Furthermore, physical hazards, nature dependencies or changes in ecosystems increasingly overlap, impacting business decisions on where to build plants and how to reconfigure supply chains, while challenging assumptions about asset resilience and productivity. More than one-third of corporate facilities in the US are located in areas that have very high exposure to water scarcity, for example, and 41% of the world’s listed companies face at least one high nature-related risk, such as air or soil condition.
Transition-focused
Preparing for the worst does not mean giving up on accelerating decarbonisation. Assets in transition funds, including strategies that invest in emissions-intensive sectors, rose 20% last year and now account for nearly 40% of publicly listed climate funds.

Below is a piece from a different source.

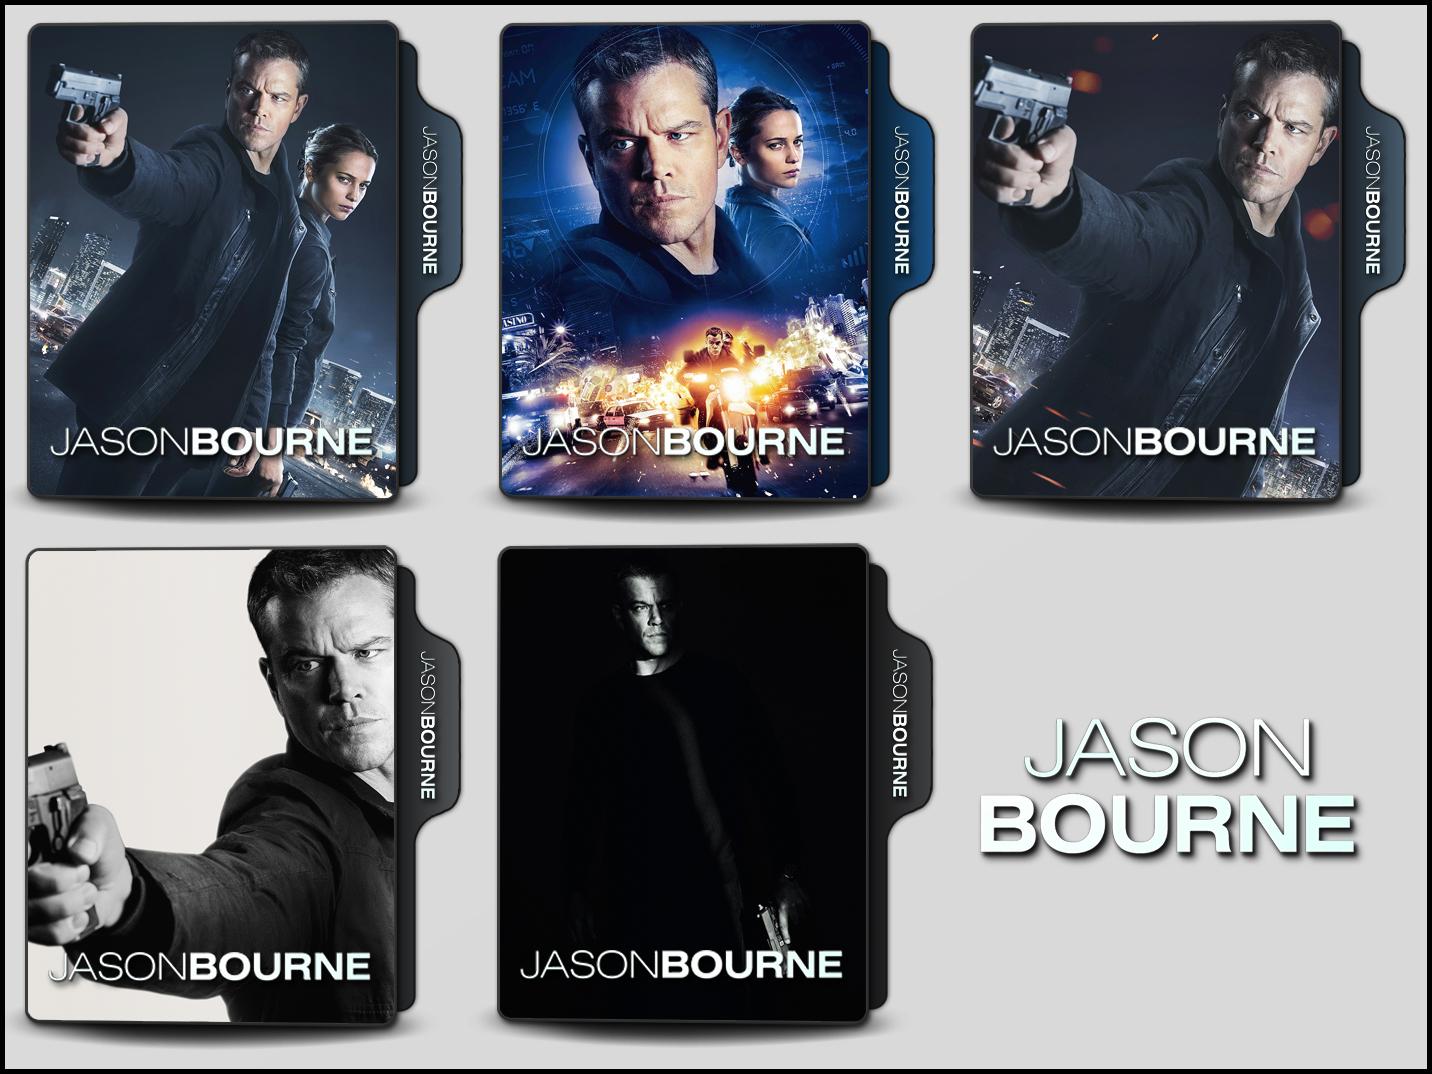 Jason Bourne 2016 Folder Icons By Onlystylematters On Deviantart

The shift to financing the harder-to-decarbonise parts of the economy is a sign that investors have become more targeted with maximising the impact of their climate capital, both in reducing emissions levels and in pursuing transition-focused opportunities.
The world’s listed companies are on track to overshoot their collective carbon budget for staying under the Paris agreement goal within the next two years, aligning with a warming trajectory of about 2.7 degrees Celsius above pre-industrial levels based on their targets and emissions trajectories.
The aggregate temperature masks divergence. Even before the flare-up of trade tensions, differences in national climate policies drove investors to differentiate the pace and scope of energy transition investment opportunities among countries and sectors.
As geopolitical shifts further fragment different markets’ transition trajectories, investors are seeking indicators that help them navigate differences in risks and opportunities while financing decarbonisation in the economy’s critical sectors. Those include a mosaic of market factors such as policy incentives and the availability of commercially feasible technologies for different sectors, as well as company-specific factors to gauge companies’ readiness for the transition.
Figure 2. A warming world
Projected temperature alignment of listed companies by country
Source: MSCI ESG Research, data as of 31 March 2025
Note: Russia and Iran not shown because the securities of companies listed there are not included in the MSCI ACWI Investable Market Index.
Climate-proofing
Somewhere between aiming for the best and preparing for the worst is an emerging pragmatism about a growing investment opportunity in serving the inevitable need for households, businesses and communities to prepare for, adapt to and recover from rising physical impacts. Some areas in Asia, for example, are warming at triple the global average, endangering the health of vast urban populations.
Investors are beginning to explore ways to gain exposure to adaptation and resilience product solutions – a category that encompasses everything from hybrid seeds and heat-resistant clothing to water management and sustainable real estate.
A series of industry frameworks have emerged to help guide investors looking to identify the relevant businesses, including the Climate Resilience Investments in Solutions Principles framework developed by the investor-led Global Adaptation and Resilience Investment working group. Our Institute is using artificial intelligence large language models to identify companies within the global investment universe with exposure to resilience solutions that potentially fall within the CRISP framework.
A warming world and the unevenness of the energy transition pose both material risk and profound opportunity. For investors, it’s a moment to embrace the complexity and contradictions, while positioning for what’s next. In other words, to adapt.
Linda-Eling Lee is Founding Director of the MSCI Sustainability Institute.